Chronic plaque psoriasis is the most common autoimmune disease in the USA, affecting approximately 2.2 % of the population [1]. Psoriasis is associated with significant clinical and emotional morbidity; in particular, it impacts individuals’ work and social lives and leads to reduced quality of life [2, 3]. Individuals who do not experience acceptable levels of skin clearance with topical treatments and phototherapy or for whom topicals and phototherapy are not practical may be treated systemically with oral agents, such as methotrexate or ciclosporin, or with injectable biologics. Several biologics are currently indicated for psoriasis, including etanercept, adalimumab, infliximab and ustekinumab. The choice of the first-line biologic therapy, as well as subsequent treatment in those patients who fail or who are intolerant of the first-line biologic treatment, is not yet standardized, and data evaluating treatment-sequencing strategies are generally limited to estimates of efficacy for a biologic in individuals who have already failed treatment with any other biologic [46].

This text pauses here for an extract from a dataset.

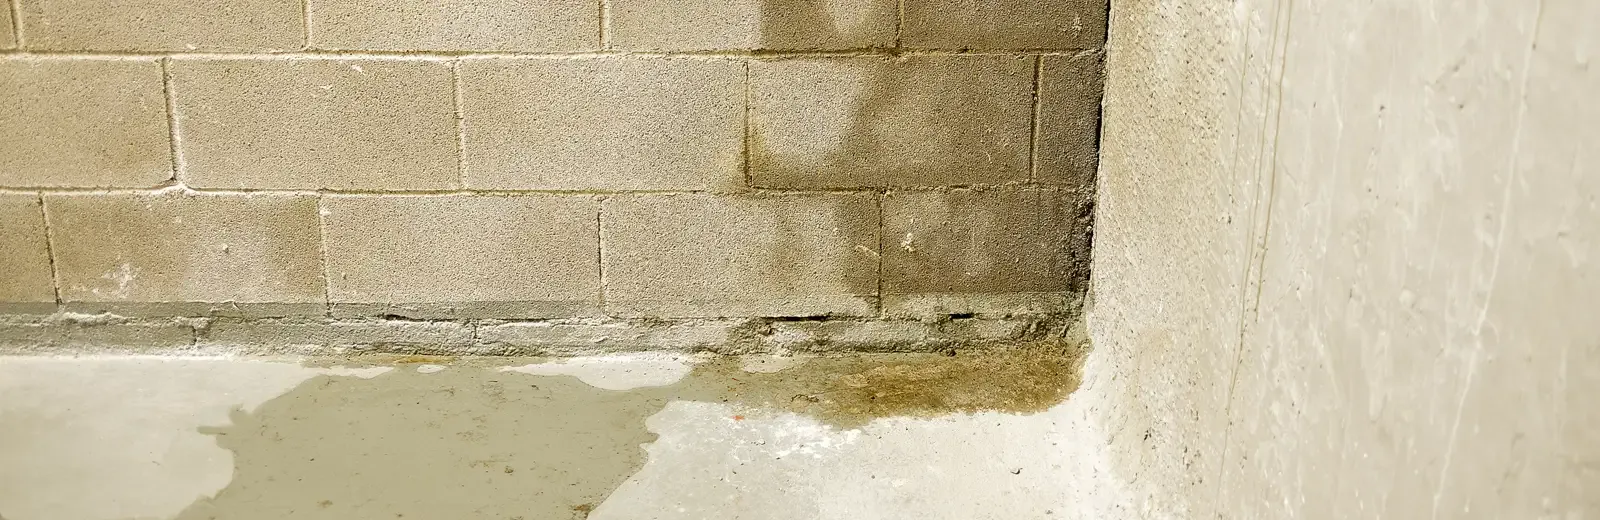 moisture problems cinder block wall

General guidance on when and how to include treatment sequencing in cost-effectiveness models is equally limited. Health technology assessment (HTA) guidelines for cost-effectiveness modelling for chronic diseases from the National Institute for Health and Care Excellence (NICE) and other HTA agencies (e.g. the Pharmaceutical Benefits Advisory Committee [7], Canadian Agency for Drugs and Technologies in Health [8] and recent guidelines from the International Society for Pharmacoeconomics and Outcomes Research [9]) recommend performing cost-effectiveness analyses for as long as a new treatment impacts costs and health outcomes. However, these guidelines lack specific recommendations on best practice for selecting alternative treatment-sequencing strategies. In addition, many cost-effectiveness models for new treatments for chronic disease that have been submitted to NICE and other HTA agencies or that have been published in peer-reviewed literature have not attempted to capture the impact of alternative assumptions about treatment sequencing on the cost effectiveness of new treatments.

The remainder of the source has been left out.